* _ABOUT THIS TASK_
When writing out the listing below, reproduce every word exactly and skip the pictures.

* _DATA PROVIDED_
*****

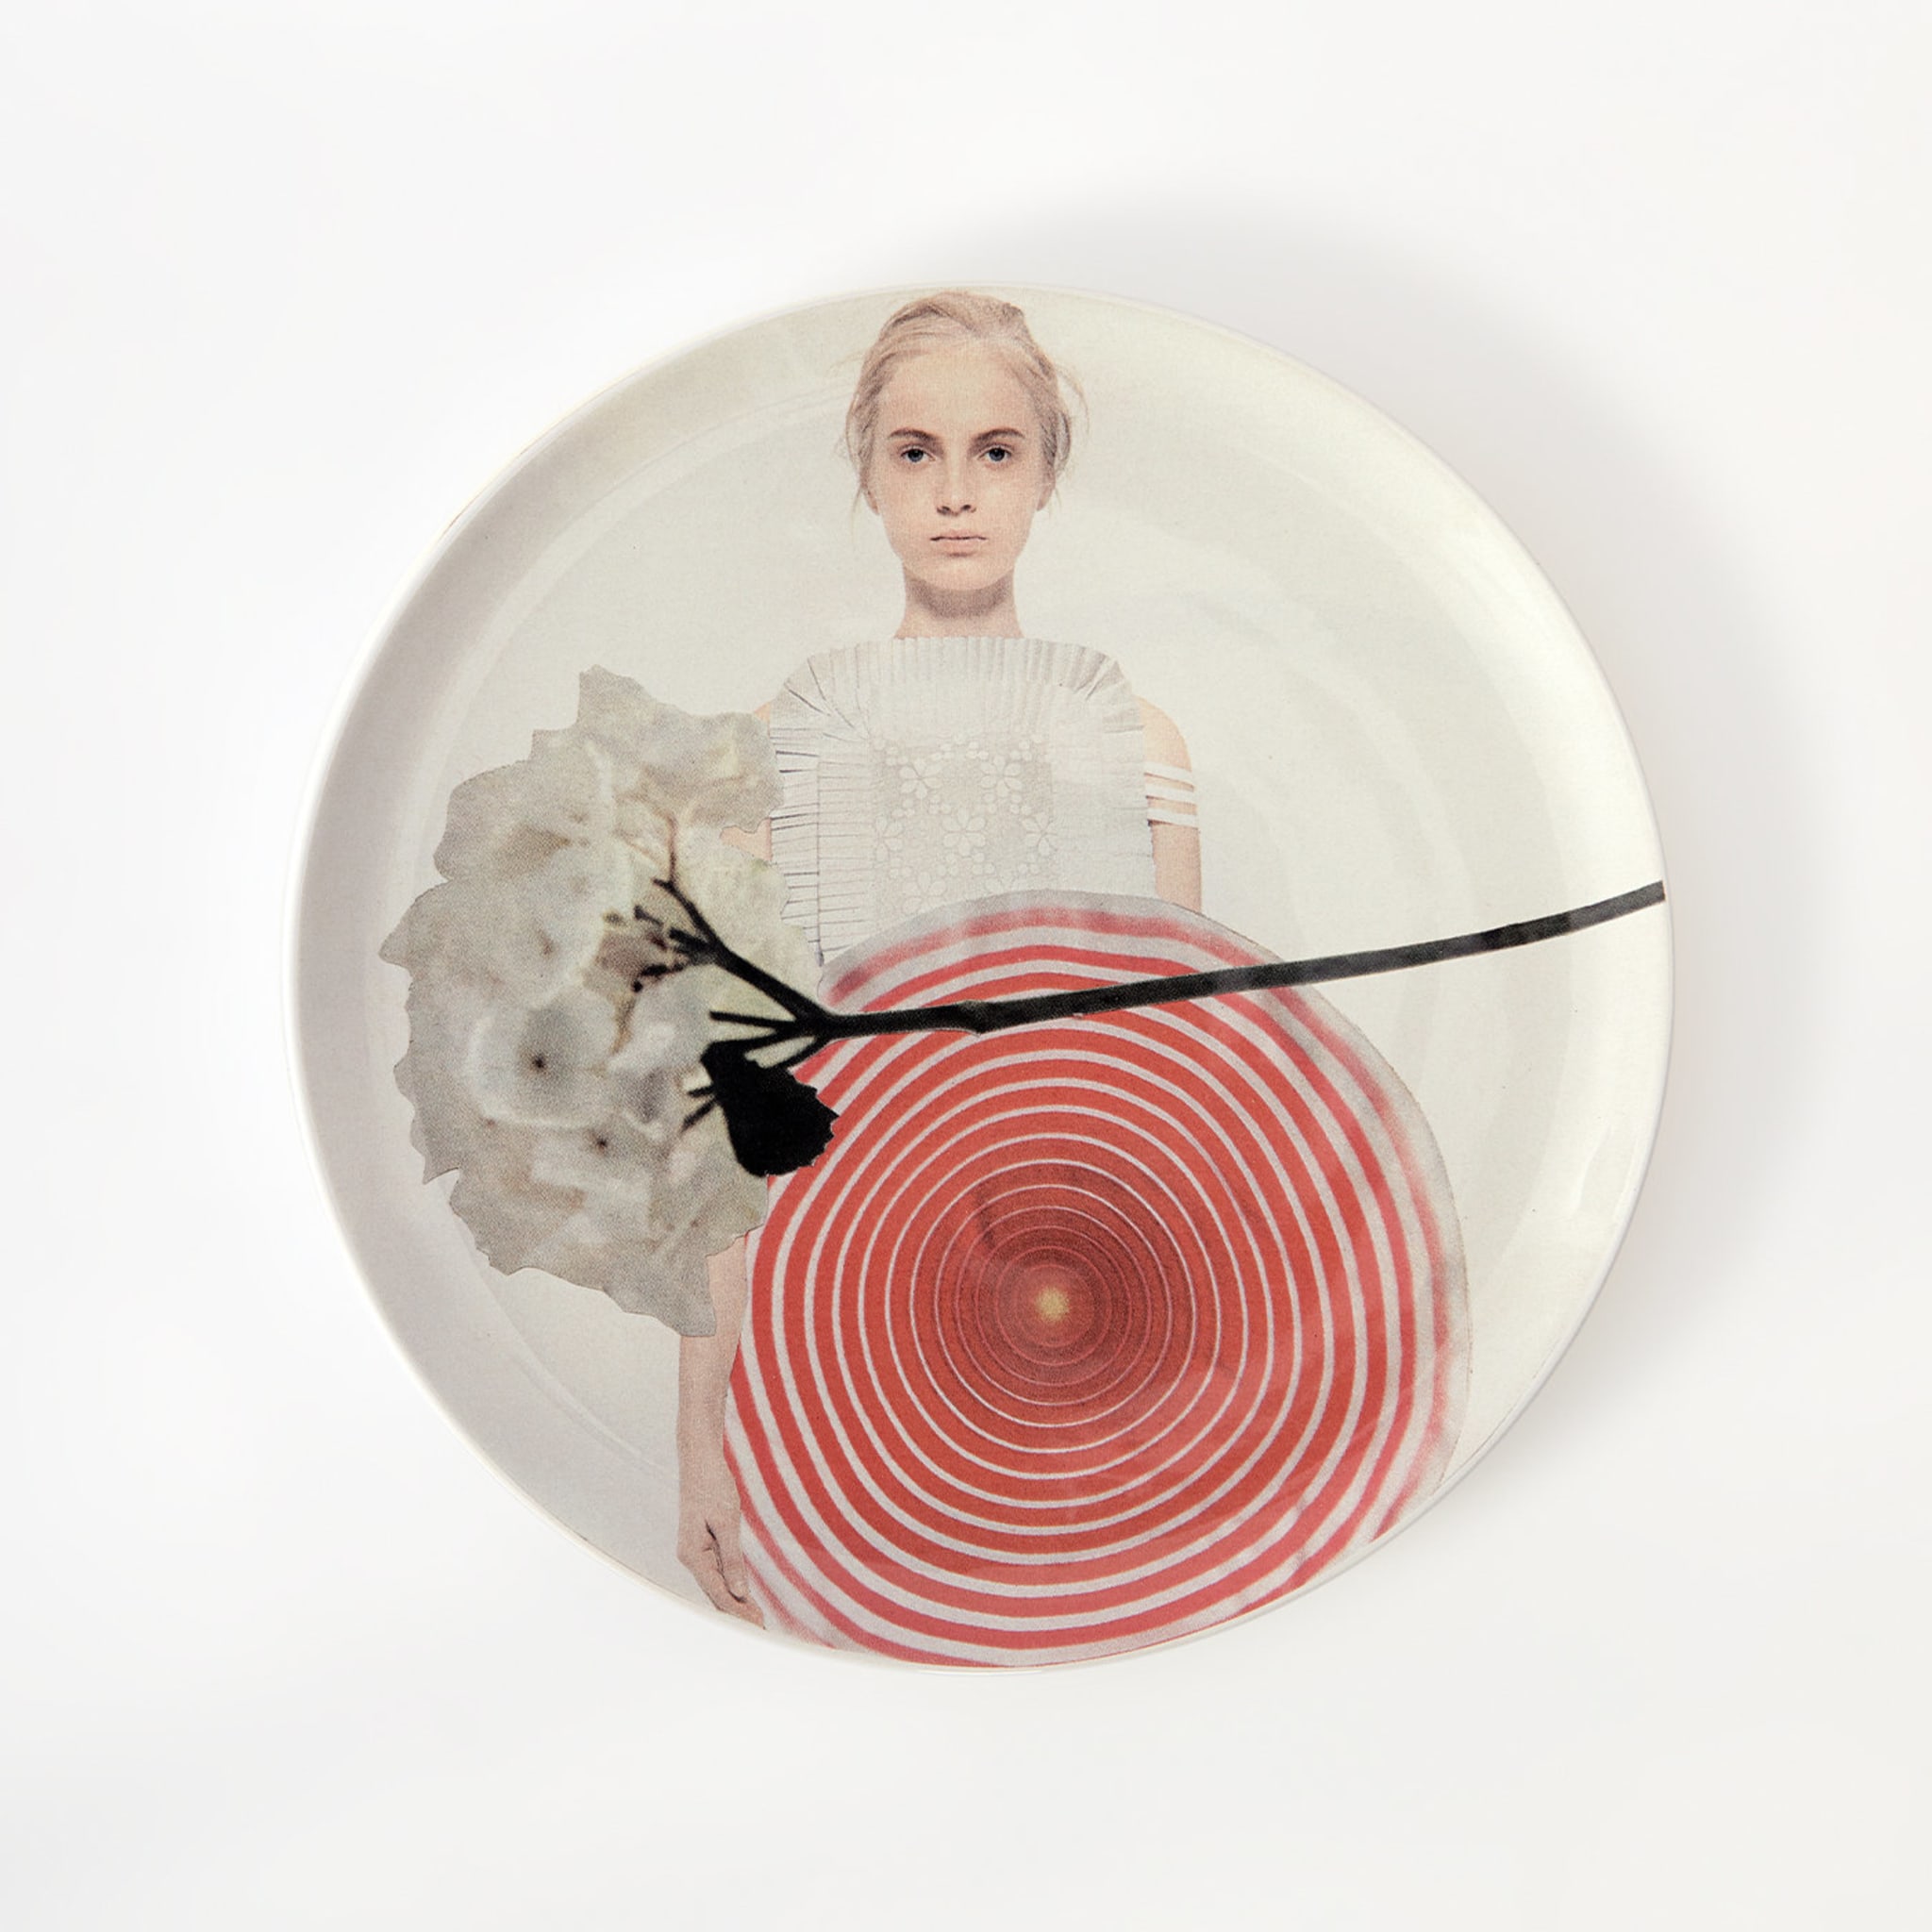 Oh Women! Decorative Plate #1 Limited Edition - Alternative view 2
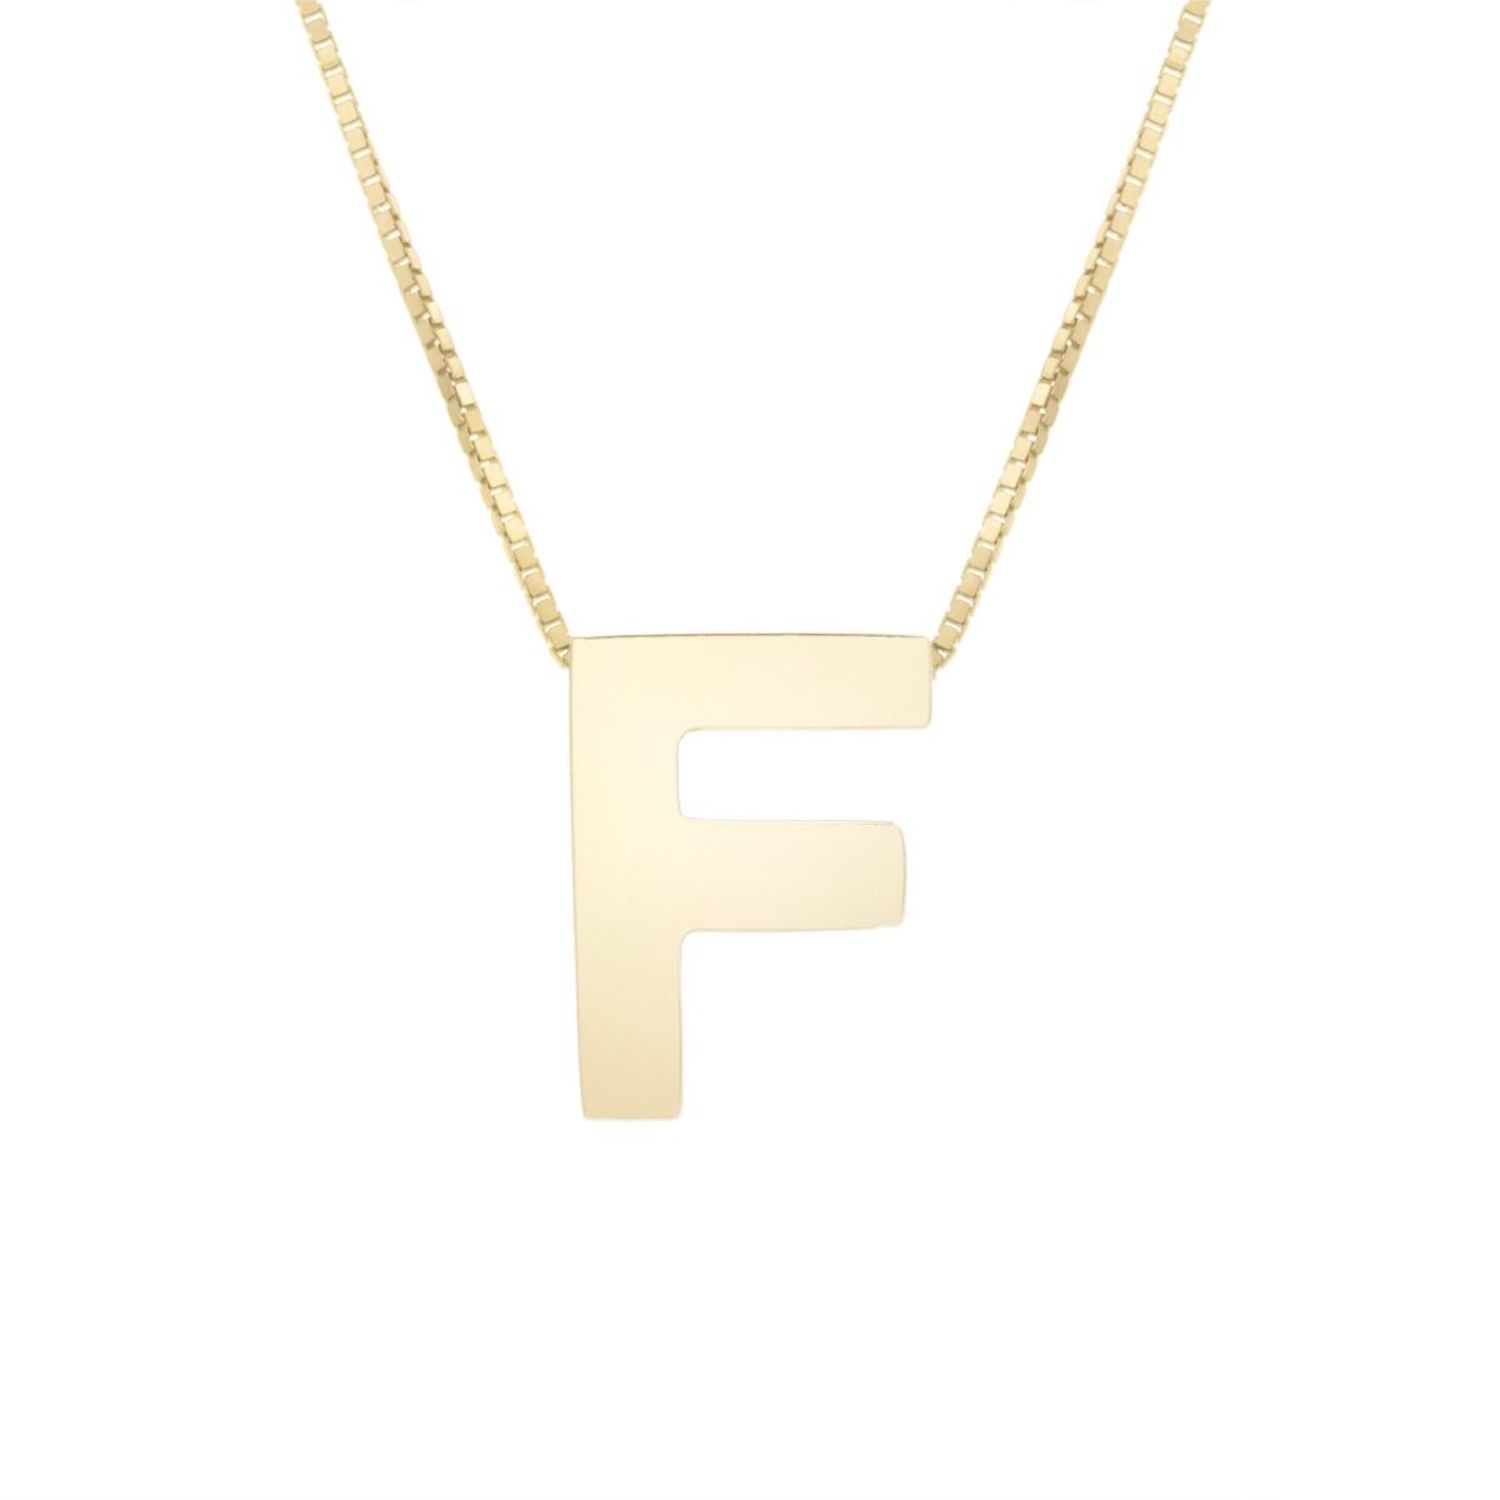 14K Yellow Gold Block Letter Initial Pendant Box Chain Necklace 16"-18" - F
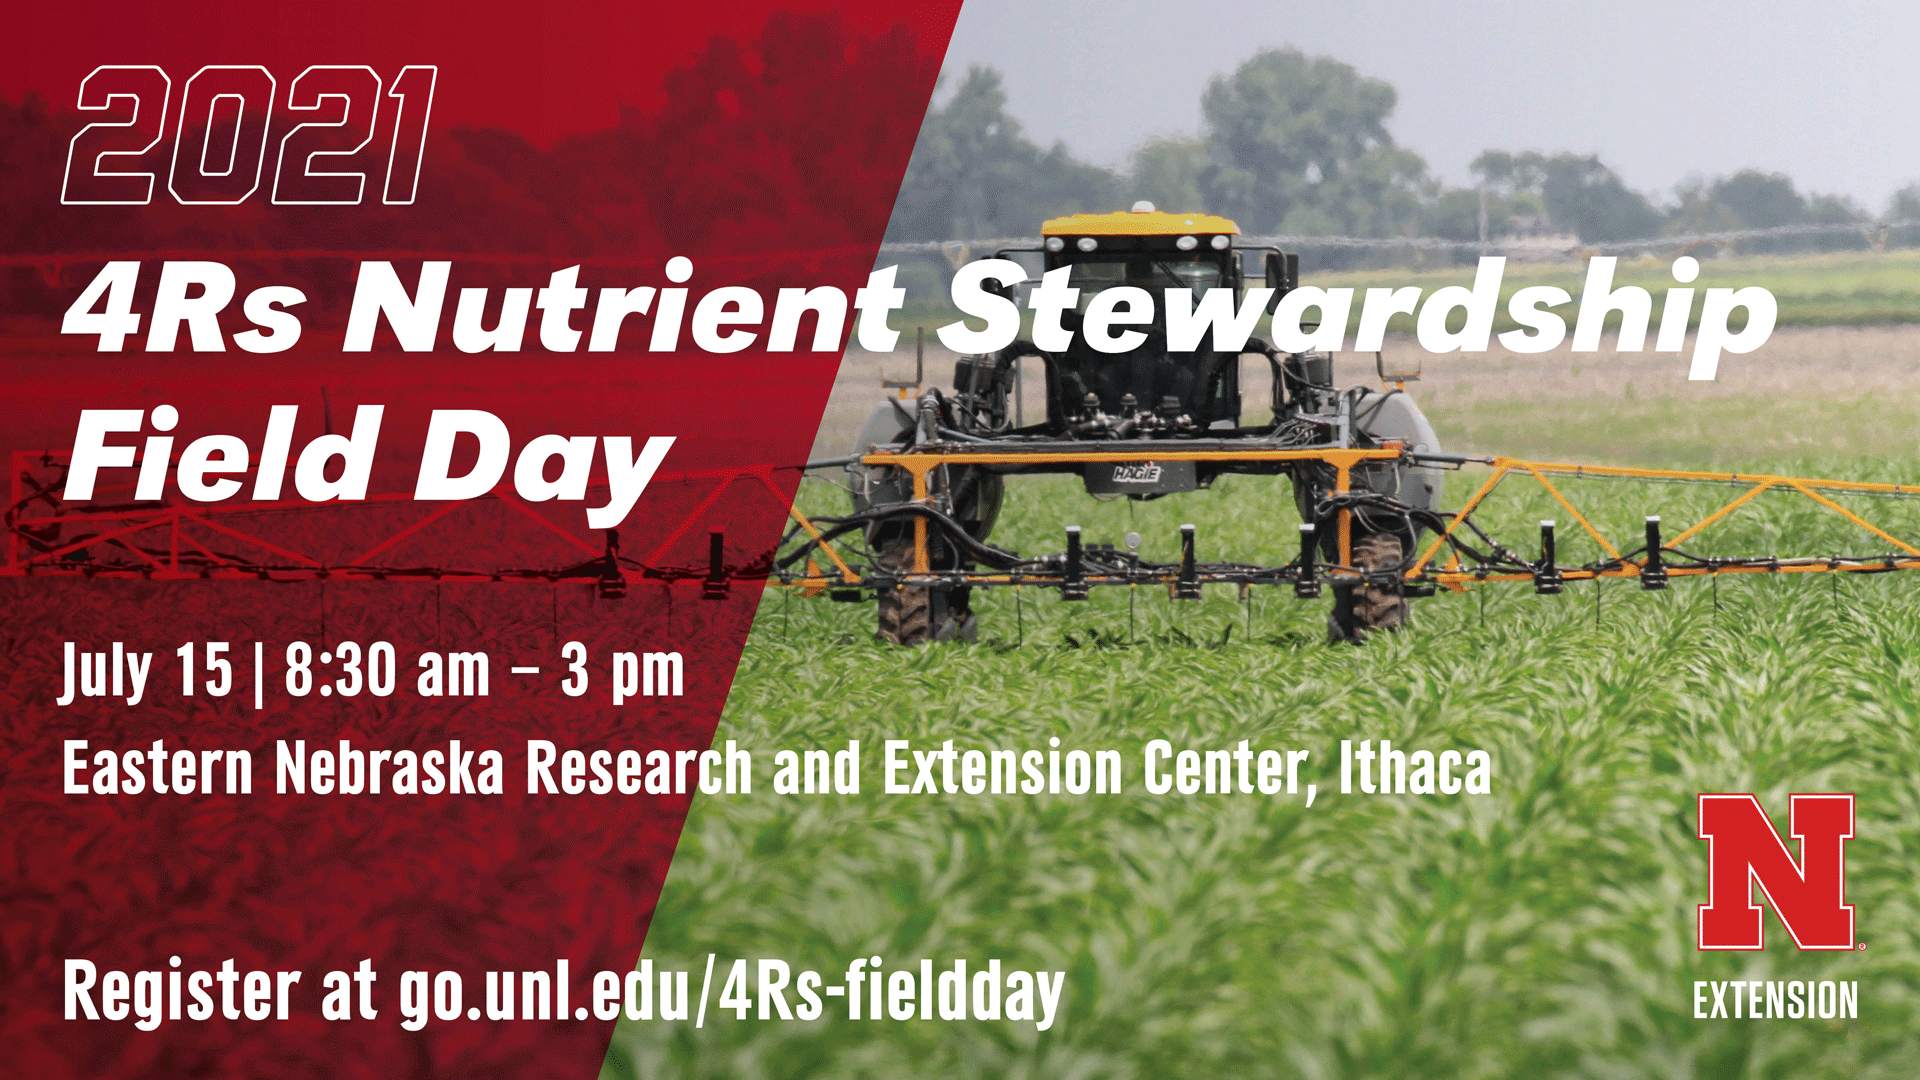 The University of Nebraska–Lincoln and Nebraska Extension is excited to offer the first annual 4Rs Nutrient Stewardship Field Day on July 15 at the Eastern Nebraska Research and Extension Center.

*****

* _EXERCISE RESULT_
 Oh Women! Decorative Plate #1 Limited Edition - Alternative view 2
 14K Yellow Gold Block Letter Initial Pendant Box Chain Necklace 16"-18" - F
 The University of Nebraska–Lincoln and Nebraska Extension is excited to offer the first annual 4Rs Nutrient Stewardship Field Day on July 15 at the Eastern Nebraska Research and Extension Center.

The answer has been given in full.